Your task is to repeat the entries exactly from their first line through the line with "Comprar Apartamento /", and to stop there.

-=-=-=-=-

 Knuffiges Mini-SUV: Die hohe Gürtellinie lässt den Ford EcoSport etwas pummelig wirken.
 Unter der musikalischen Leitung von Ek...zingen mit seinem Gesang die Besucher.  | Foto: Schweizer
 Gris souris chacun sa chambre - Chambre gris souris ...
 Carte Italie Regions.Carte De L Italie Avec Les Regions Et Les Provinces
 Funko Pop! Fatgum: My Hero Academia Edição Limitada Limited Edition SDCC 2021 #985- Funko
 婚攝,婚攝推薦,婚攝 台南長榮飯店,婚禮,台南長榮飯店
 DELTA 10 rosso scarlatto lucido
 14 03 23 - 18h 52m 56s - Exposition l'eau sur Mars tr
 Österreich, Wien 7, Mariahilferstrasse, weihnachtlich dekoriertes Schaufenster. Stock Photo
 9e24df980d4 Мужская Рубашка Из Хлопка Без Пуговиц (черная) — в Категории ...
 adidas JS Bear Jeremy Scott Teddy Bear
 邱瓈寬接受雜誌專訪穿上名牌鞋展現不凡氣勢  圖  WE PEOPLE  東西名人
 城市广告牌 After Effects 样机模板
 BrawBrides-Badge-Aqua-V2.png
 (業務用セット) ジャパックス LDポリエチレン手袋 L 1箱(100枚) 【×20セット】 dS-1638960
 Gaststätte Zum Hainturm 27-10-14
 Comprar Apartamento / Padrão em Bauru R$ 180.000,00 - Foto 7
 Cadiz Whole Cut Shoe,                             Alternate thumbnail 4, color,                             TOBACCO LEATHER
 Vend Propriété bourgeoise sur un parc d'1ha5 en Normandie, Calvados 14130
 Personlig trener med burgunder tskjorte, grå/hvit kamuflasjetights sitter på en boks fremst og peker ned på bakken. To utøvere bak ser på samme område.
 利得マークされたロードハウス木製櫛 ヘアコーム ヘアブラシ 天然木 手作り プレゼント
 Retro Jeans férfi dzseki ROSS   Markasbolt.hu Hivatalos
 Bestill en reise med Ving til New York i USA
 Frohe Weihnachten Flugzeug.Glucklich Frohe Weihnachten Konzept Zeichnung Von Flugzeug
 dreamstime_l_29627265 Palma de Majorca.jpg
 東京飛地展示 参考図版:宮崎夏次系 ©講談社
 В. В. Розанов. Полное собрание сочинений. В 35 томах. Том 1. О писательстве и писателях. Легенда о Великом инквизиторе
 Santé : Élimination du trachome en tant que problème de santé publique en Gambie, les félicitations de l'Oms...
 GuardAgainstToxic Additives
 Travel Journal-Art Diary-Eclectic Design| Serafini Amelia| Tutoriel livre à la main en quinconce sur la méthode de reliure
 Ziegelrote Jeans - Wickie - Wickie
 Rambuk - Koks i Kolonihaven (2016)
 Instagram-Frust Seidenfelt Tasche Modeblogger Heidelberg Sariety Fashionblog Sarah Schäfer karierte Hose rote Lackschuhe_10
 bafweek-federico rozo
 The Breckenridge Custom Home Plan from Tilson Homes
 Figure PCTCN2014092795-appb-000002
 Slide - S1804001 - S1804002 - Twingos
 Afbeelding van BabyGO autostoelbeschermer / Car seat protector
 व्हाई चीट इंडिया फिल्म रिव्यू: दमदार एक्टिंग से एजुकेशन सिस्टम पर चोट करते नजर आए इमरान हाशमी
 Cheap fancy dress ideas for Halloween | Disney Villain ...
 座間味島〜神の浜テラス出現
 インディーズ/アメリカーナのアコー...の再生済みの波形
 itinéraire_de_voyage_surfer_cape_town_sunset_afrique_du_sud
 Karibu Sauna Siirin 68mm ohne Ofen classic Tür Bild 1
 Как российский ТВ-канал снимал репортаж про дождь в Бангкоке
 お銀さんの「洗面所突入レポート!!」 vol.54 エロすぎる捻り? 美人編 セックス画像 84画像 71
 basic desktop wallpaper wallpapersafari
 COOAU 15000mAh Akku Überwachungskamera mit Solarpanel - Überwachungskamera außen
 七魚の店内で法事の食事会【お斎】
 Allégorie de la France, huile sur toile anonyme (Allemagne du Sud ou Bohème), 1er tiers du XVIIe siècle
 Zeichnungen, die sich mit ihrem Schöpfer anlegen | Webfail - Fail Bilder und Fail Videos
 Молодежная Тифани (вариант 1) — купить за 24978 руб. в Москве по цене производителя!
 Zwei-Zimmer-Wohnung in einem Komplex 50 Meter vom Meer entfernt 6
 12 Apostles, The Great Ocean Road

-=-=-=-=-

Your response >>
 Knuffiges Mini-SUV: Die hohe Gürtellinie lässt den Ford EcoSport etwas pummelig wirken.
 Unter der musikalischen Leitung von Ek...zingen mit seinem Gesang die Besucher.  | Foto: Schweizer
 Gris souris chacun sa chambre - Chambre gris souris ...
 Carte Italie Regions.Carte De L Italie Avec Les Regions Et Les Provinces
 Funko Pop! Fatgum: My Hero Academia Edição Limitada Limited Edition SDCC 2021 #985- Funko
 婚攝,婚攝推薦,婚攝 台南長榮飯店,婚禮,台南長榮飯店
 DELTA 10 rosso scarlatto lucido
 14 03 23 - 18h 52m 56s - Exposition l'eau sur Mars tr
 Österreich, Wien 7, Mariahilferstrasse, weihnachtlich dekoriertes Schaufenster. Stock Photo
 9e24df980d4 Мужская Рубашка Из Хлопка Без Пуговиц (черная) — в Категории ...
 adidas JS Bear Jeremy Scott Teddy Bear
 邱瓈寬接受雜誌專訪穿上名牌鞋展現不凡氣勢  圖  WE PEOPLE  東西名人
 城市广告牌 After Effects 样机模板
 BrawBrides-Badge-Aqua-V2.png
 (業務用セット) ジャパックス LDポリエチレン手袋 L 1箱(100枚) 【×20セット】 dS-1638960
 Gaststätte Zum Hainturm 27-10-14
 Comprar Apartamento / Padrão em Bauru R$ 180.000,00 - Foto 7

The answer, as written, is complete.